You can read the full story here—what’s notable is what caused such widespread devastation:
“The fire … started when sparks from a power tool accidentally ignited grass in a back garden.” (Not sure they needed to include the word “accidentally” in that sentence!)
It’s that kind of experience James must have been thinking of when he used it as an illustration for something equally dangerous:
“Consider what a great forest is set on fire by a small spark. The tongue is also a fire … it corrupts the whole person, sets the whole course of his life on fire, and is itself set on fire by hell” (James 3 v 5-6).

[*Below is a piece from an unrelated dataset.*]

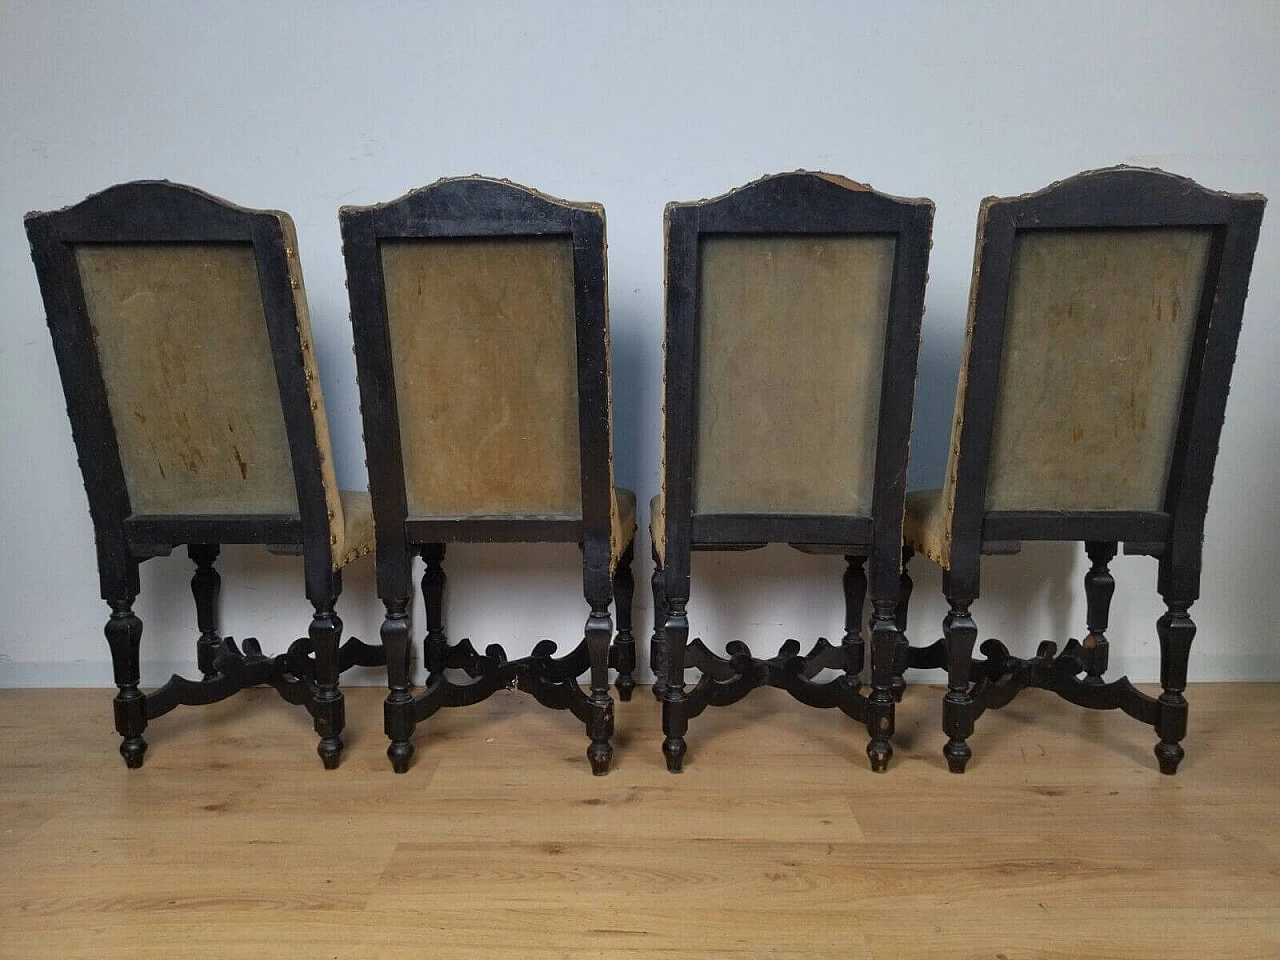 4 Rocchetto chairs in ebonised wood, 18th century 12

Carl is Editorial Director at The Good Book Company and is a member of Grace Church Worcester Park, London. He is the best-selling author of The Garden, the Curtain and the Cross and God's Big Promises Bible Storybook, and also serves as series editor of the God's Word for You series. Before joining TGBC, he worked as a journalist and then as a teacher, and pastored a congregation in Hull. Carl is married to Lizzie, and they have two children. He studied history at Oxford University.
Robert Stanton
But I think that the Apostle also has false teaching in his sights in James 3, which starts "Not many of you should presume to be teachers... because you know that we who teach will be judged more strictly." So another application for this image ought to be that anyone with the responsibility to teach God's word, from the Pulpit Preacher to the humble Sunday School Teacher, needs to guard their tongues so that they will not unleash a hellish conflagration through teaching error.